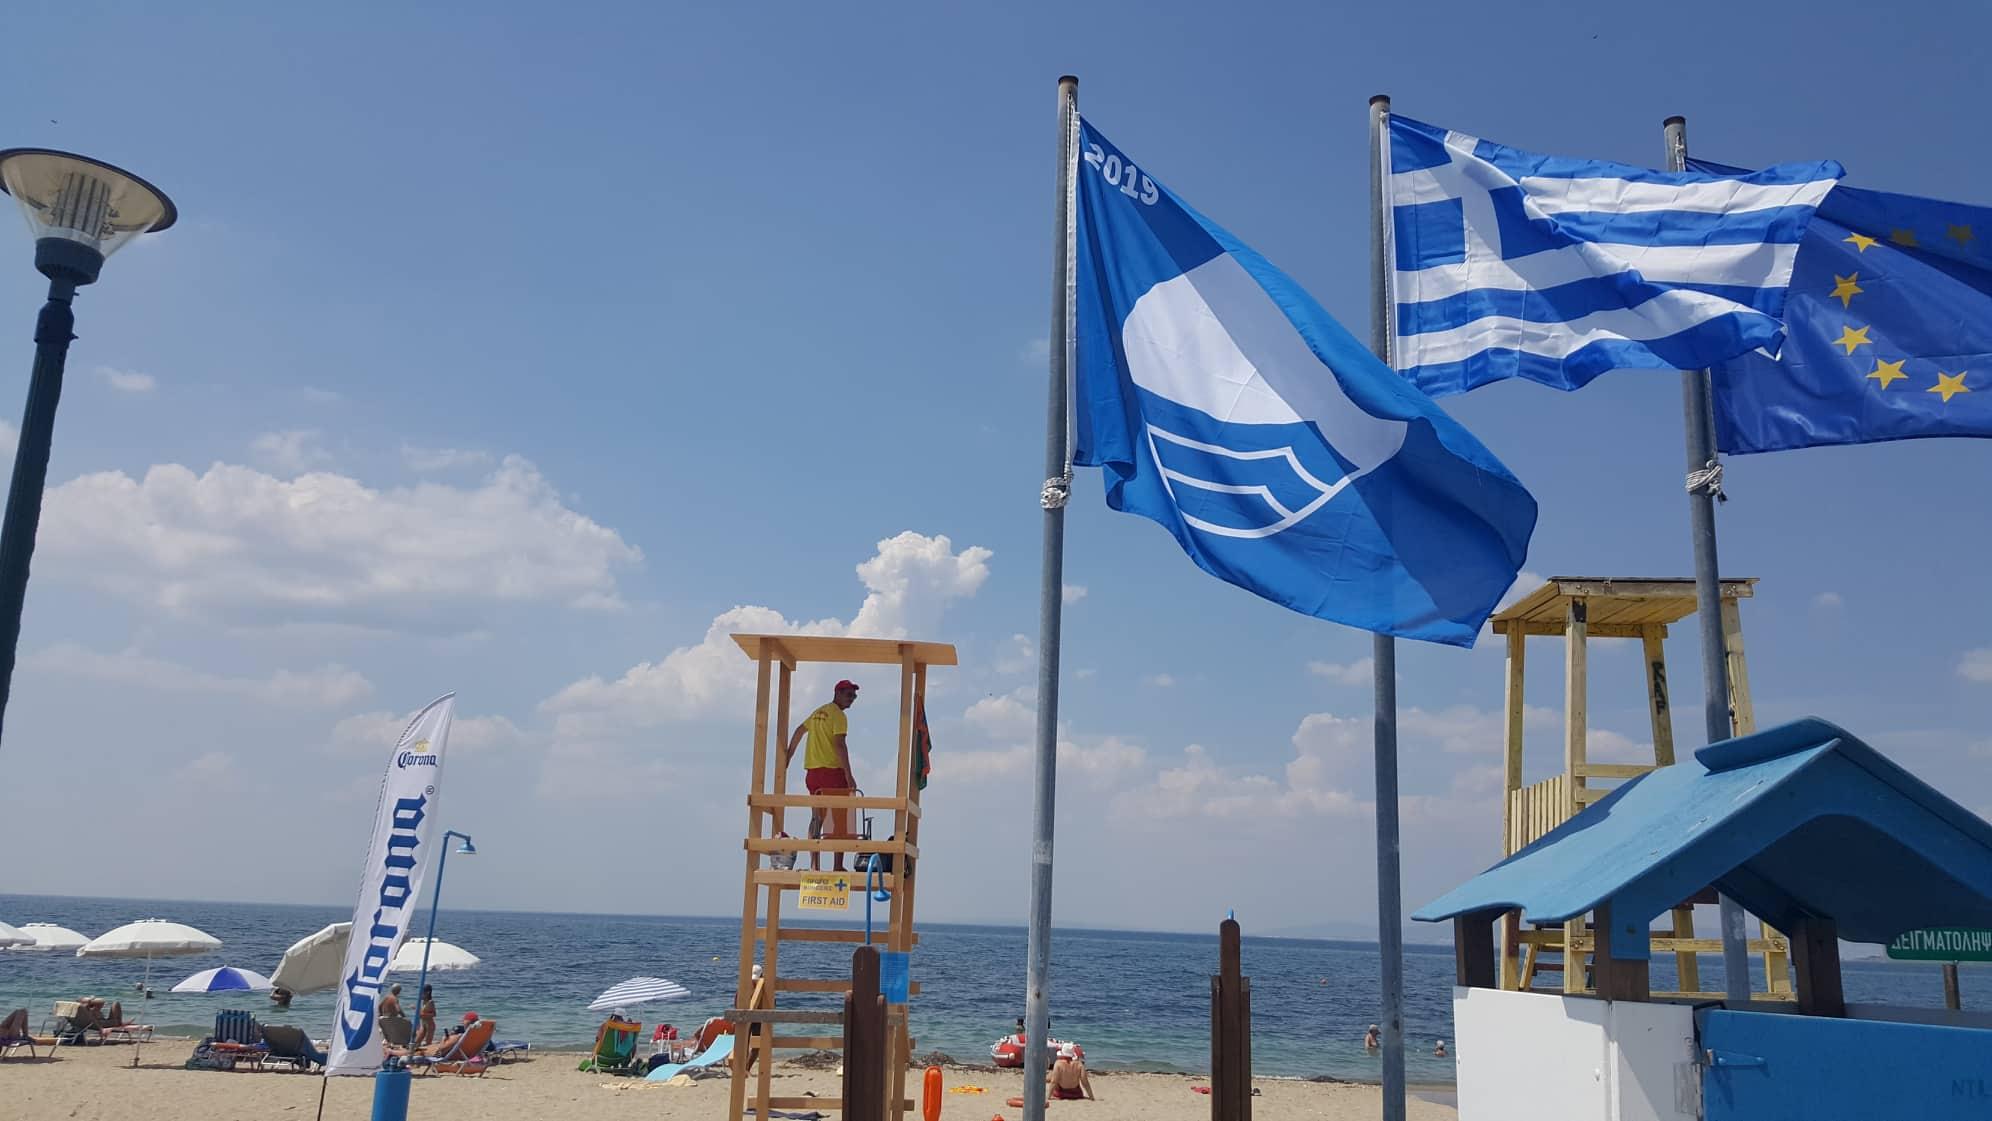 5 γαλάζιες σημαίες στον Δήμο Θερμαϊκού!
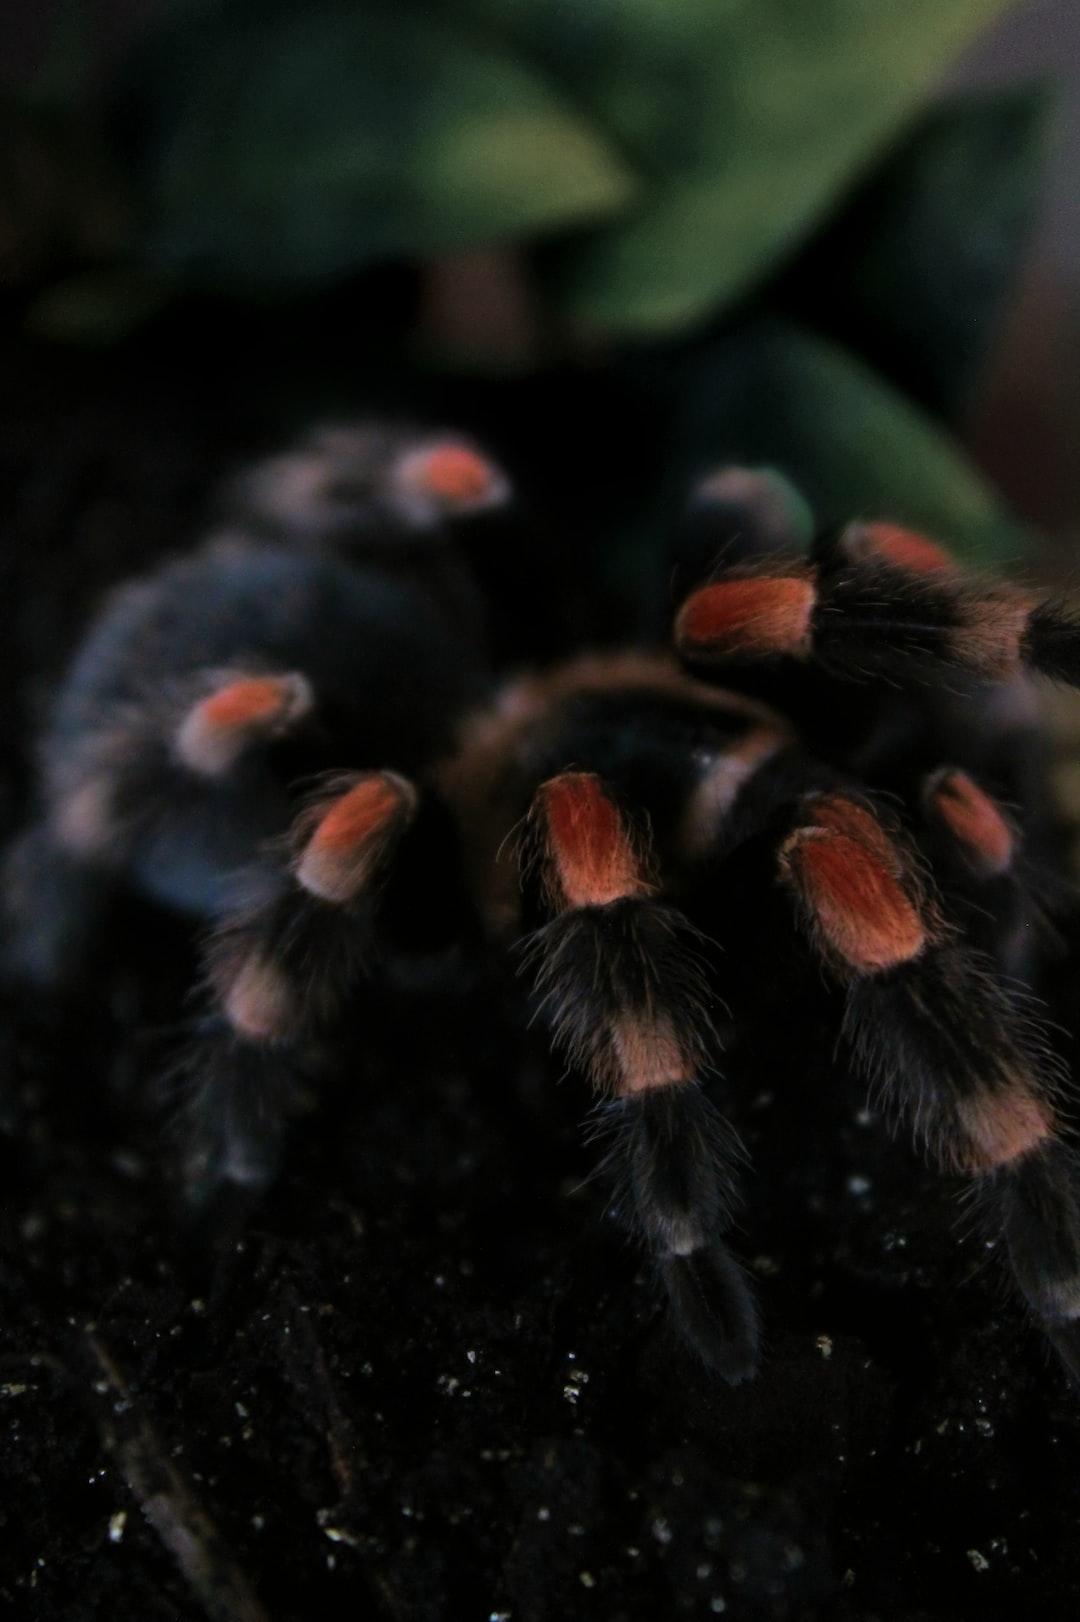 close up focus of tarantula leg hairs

==

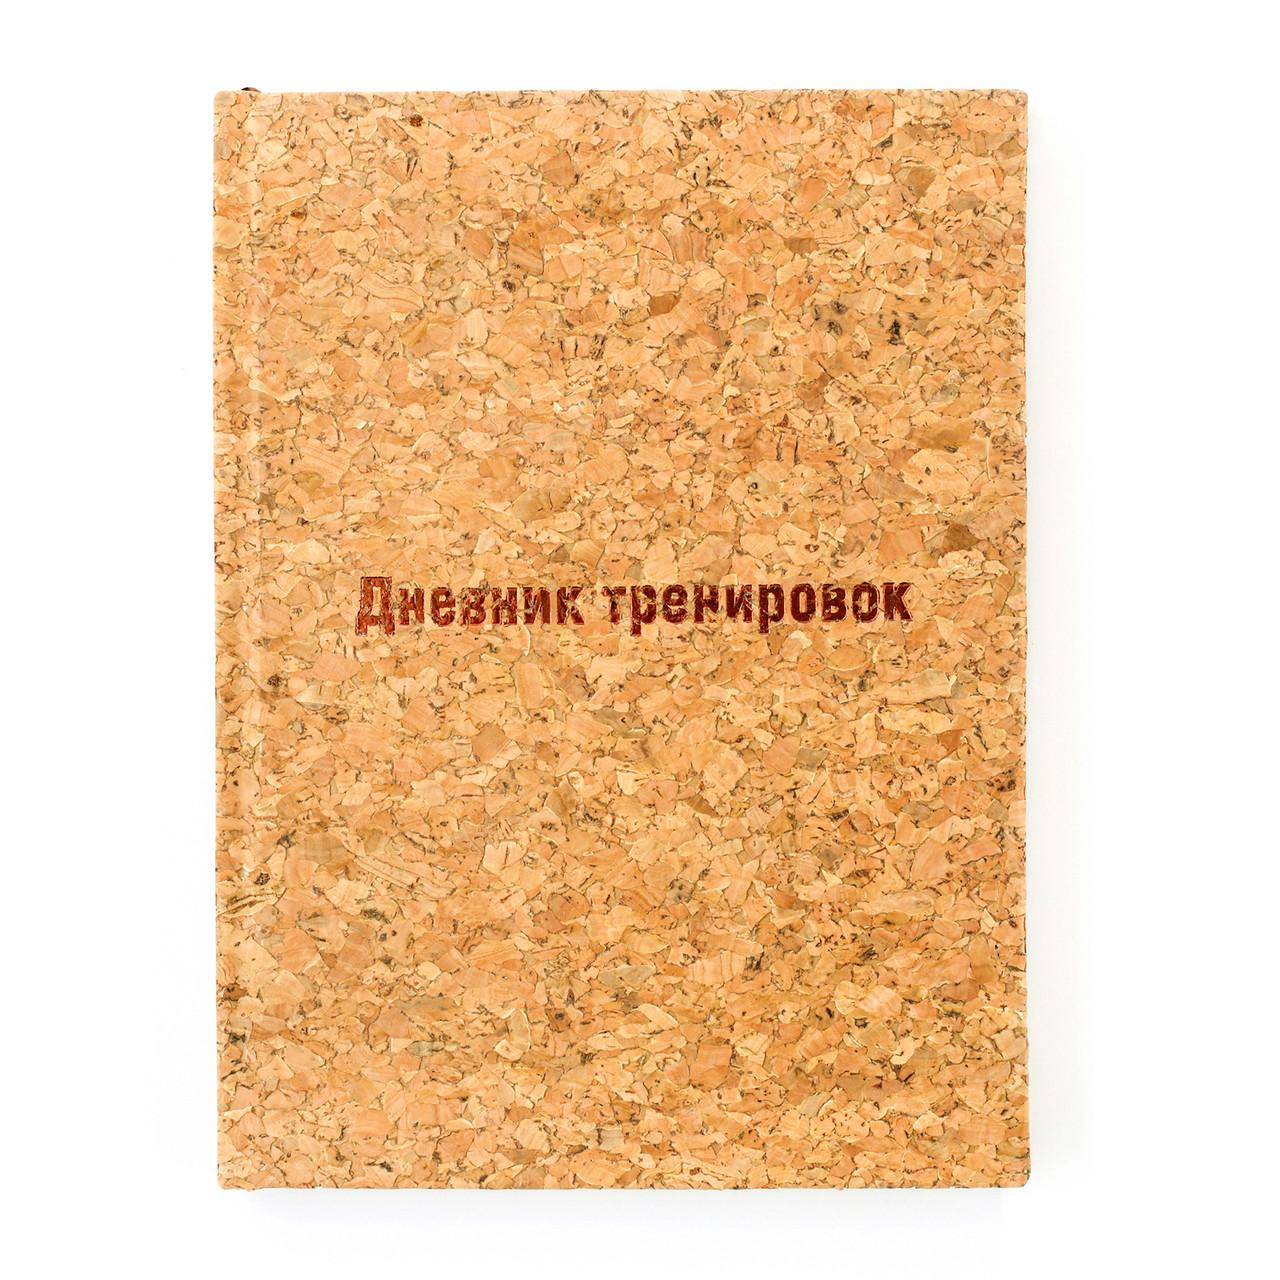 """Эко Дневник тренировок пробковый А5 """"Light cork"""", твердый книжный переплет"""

### DIRECTIONS FOR THIS TASK
Without the pictures, set down the lines above from the line with "5 γαλάζιες σημαίες στον Δήμο Θερμαϊκού!" up to and including the line with "close up focus of tarantula leg hairs" exactly as they stand.

### ANSWER TO THE EXERCISE
 5 γαλάζιες σημαίες στον Δήμο Θερμαϊκού!
 close up focus of tarantula leg hairs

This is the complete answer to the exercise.